Syndicate content

Some thoughts on human development, equal opportunity, and universal coverage

Adam Wagstaff's picture

I was asked recently to advise on some ongoing work on human development, equal opportunities, and universal coverage. The work was building on previous work undertaken by the World Bank in its Latin America and the Caribbean (LAC) region that had developed a new index known as the Human Opportunity Index (HOI).

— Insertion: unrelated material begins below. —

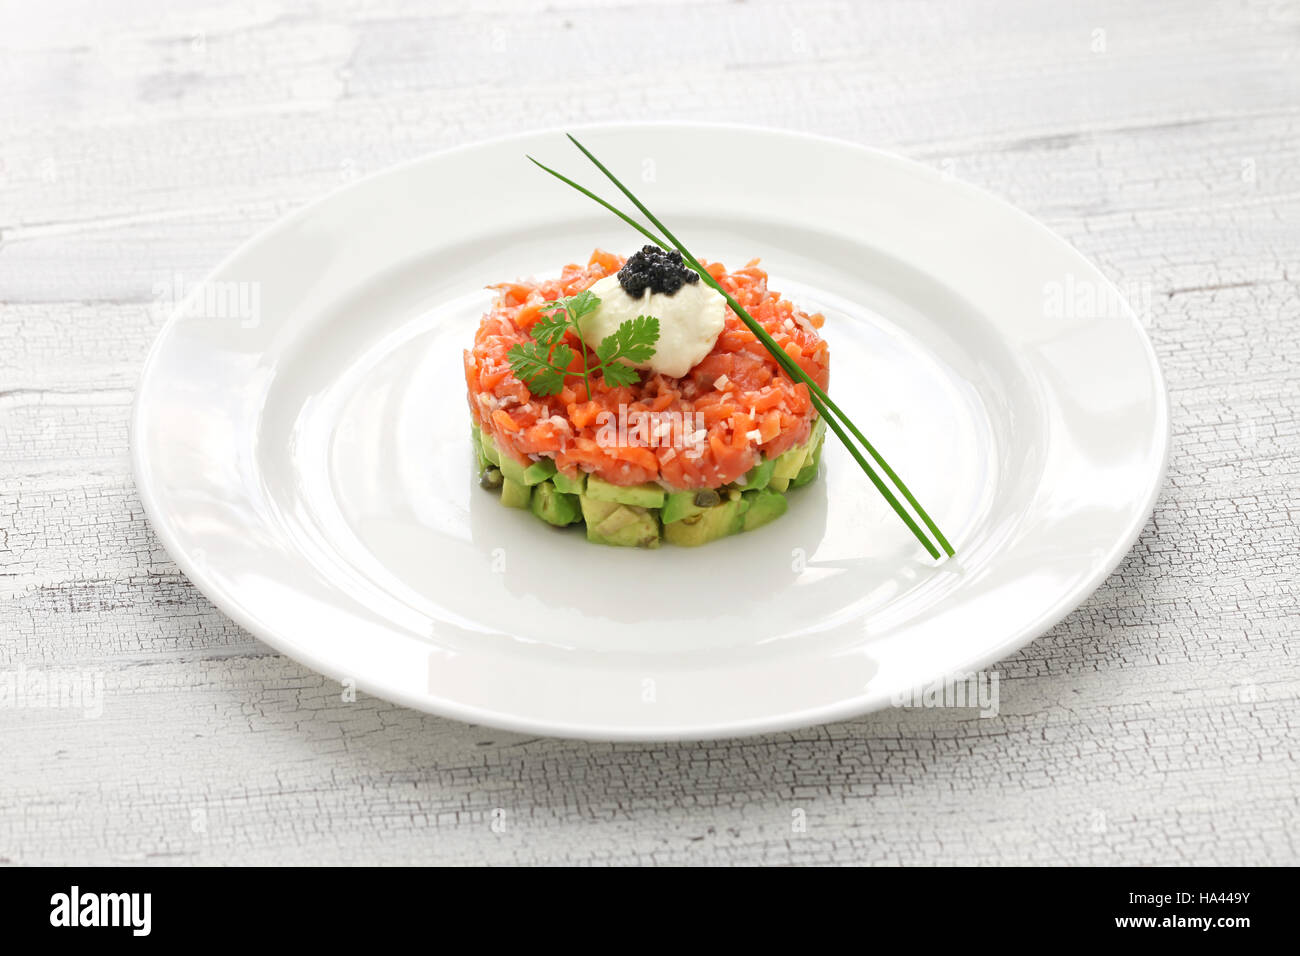 salmon tartare with avocado and caviar Stock Photo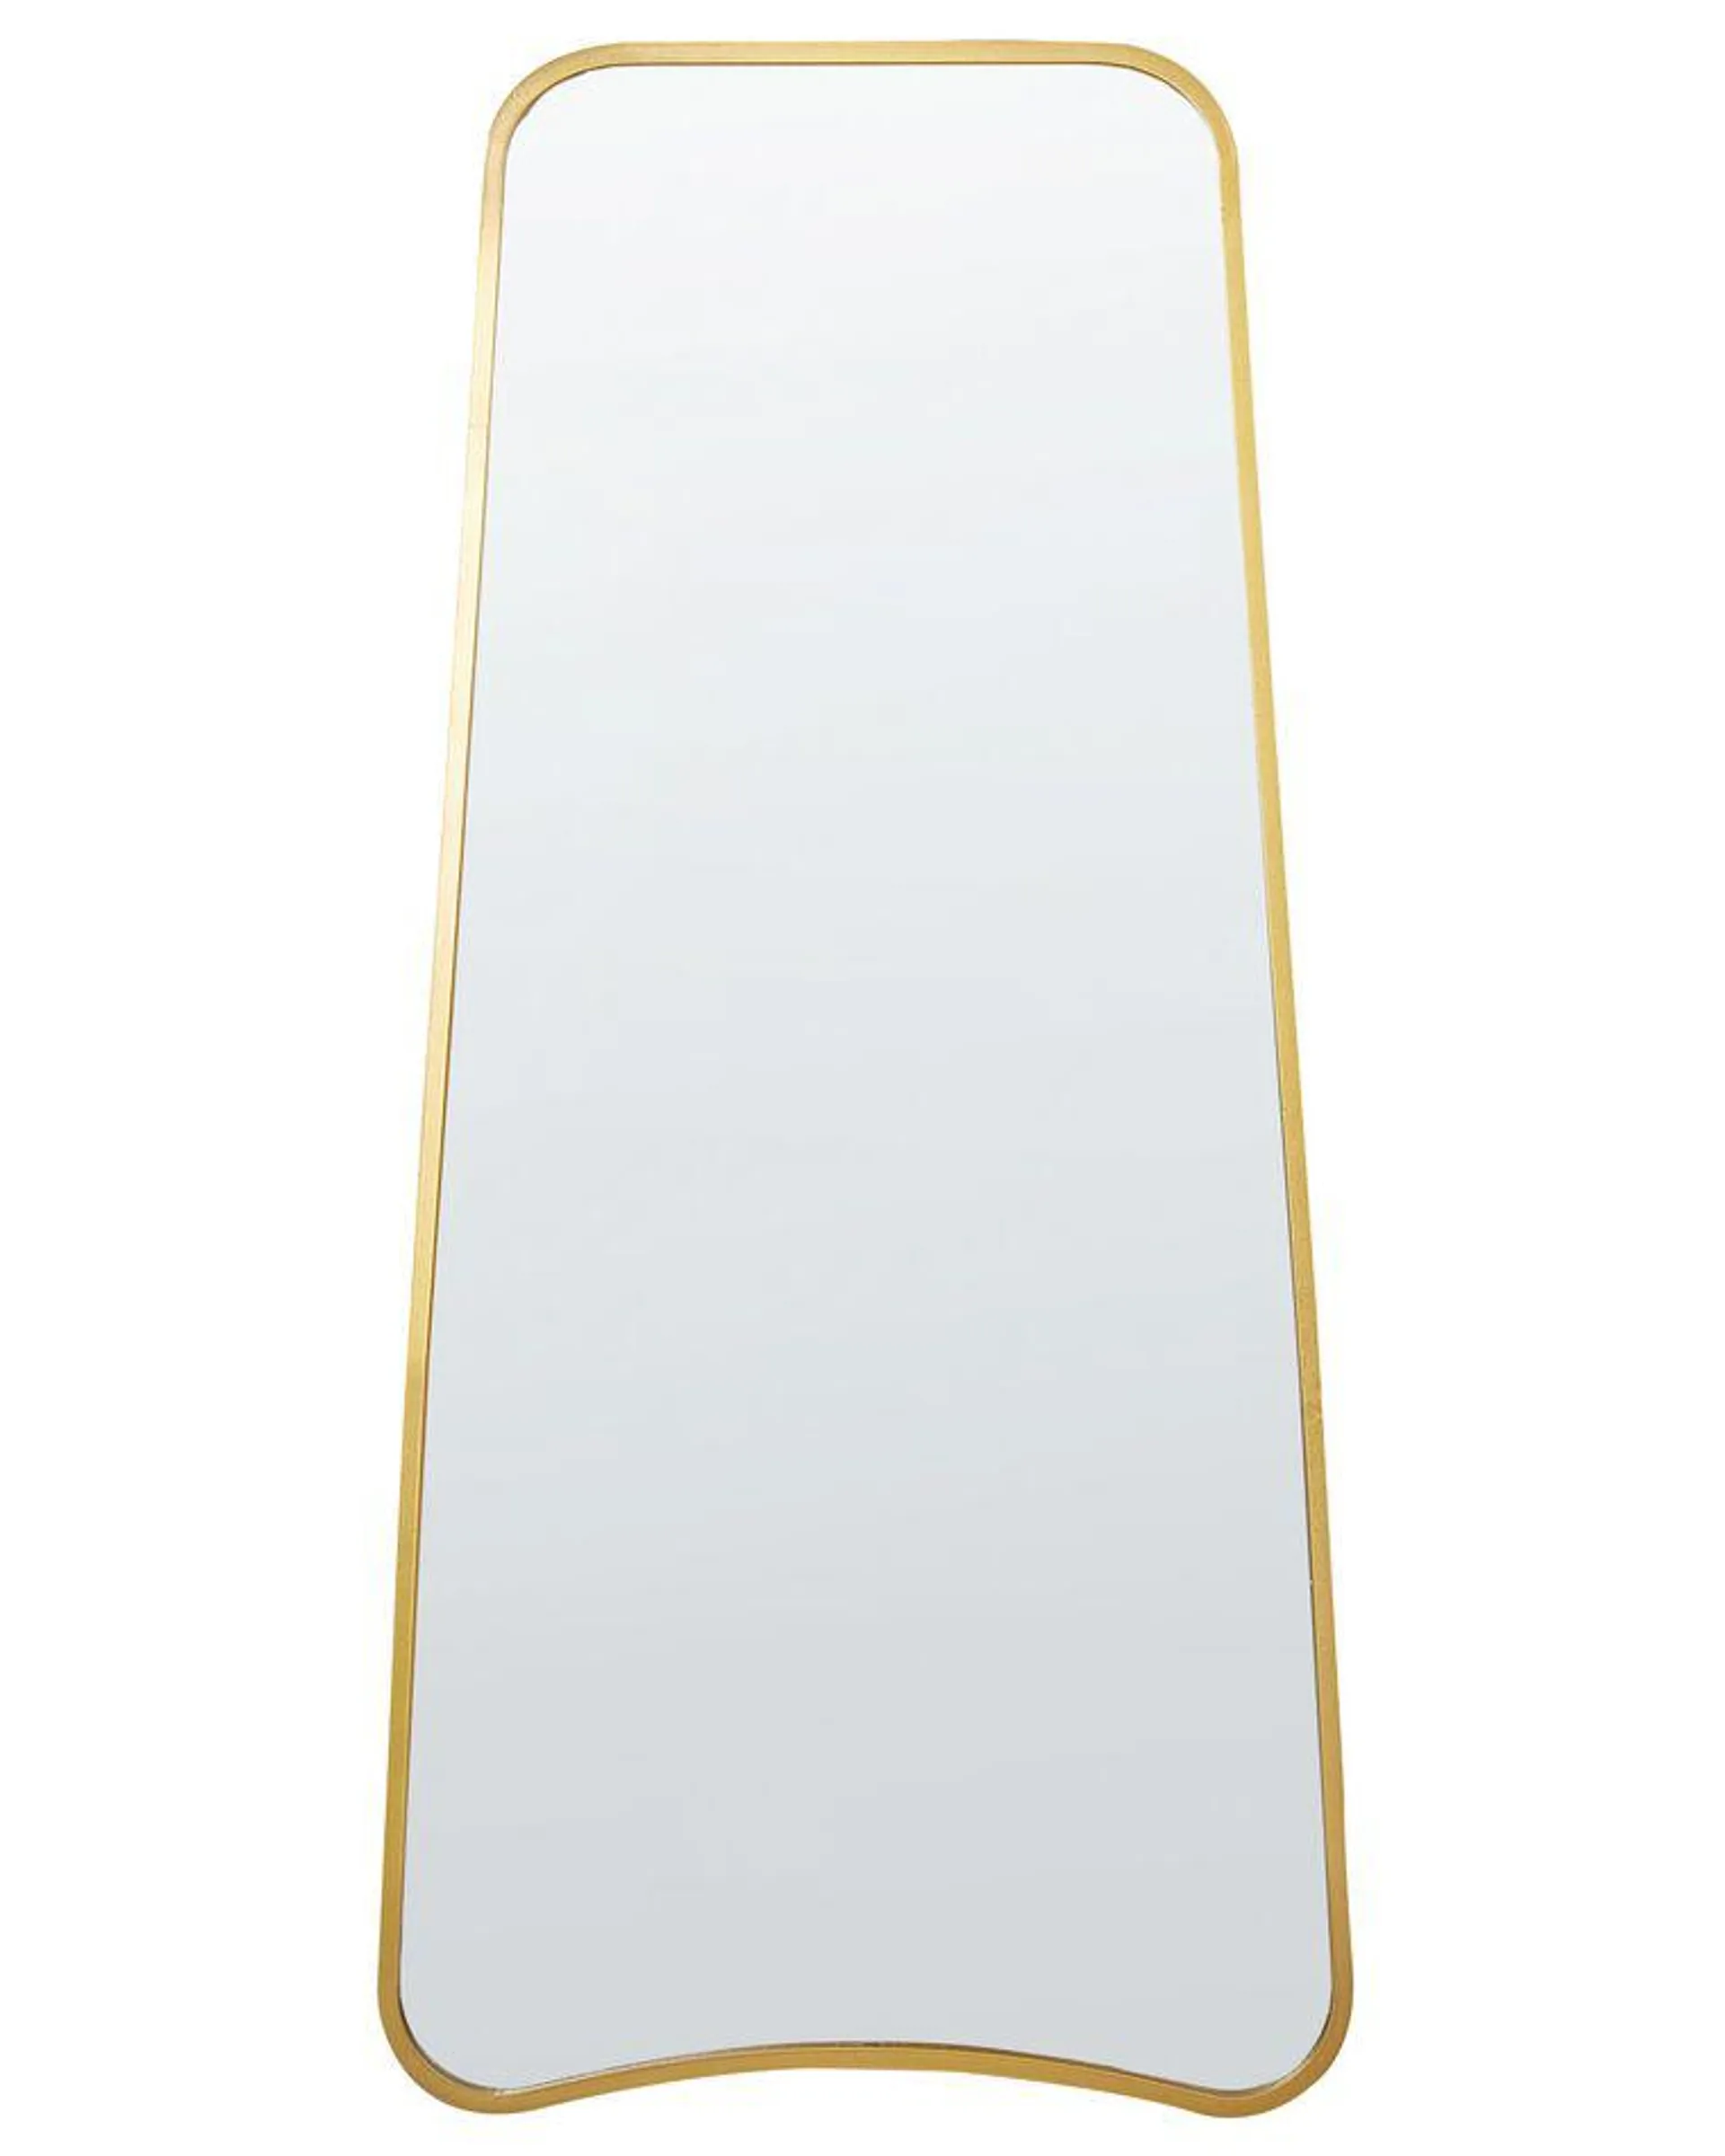 Espejo de pared de metal dorado 58 x 122 cm LEVET

The core idea underlying the HOI isn’t new. The argument is that inequalities are inequitable insofar as they’re the result of circumstances beyond the individual’s control (inequality in opportunity), but not if they reflect factors that are within the individual’s control. The object of the exercise is to separate empirically the two.
 
Children and the HOI
The first part of the LAC study – where the HOI is operationalized – focuses on children and on a subset of goods and services that all children should start out life as having. These “basic opportunities” include things like access to education, safe water, and vaccinations. The study argues that “universal provision of basic opportunities is a valid and realistic social goal” and that “for children, access defines “opportunity,” because children (unlike adults) cannot be expected to make the efforts needed to access these basic goods by themselves.” (p.3). So when we see inequalities in, say, immunization coverage or primary school completion, we should regard these inequalities as unjust, and think of them as reflecting inequalities in opportunity.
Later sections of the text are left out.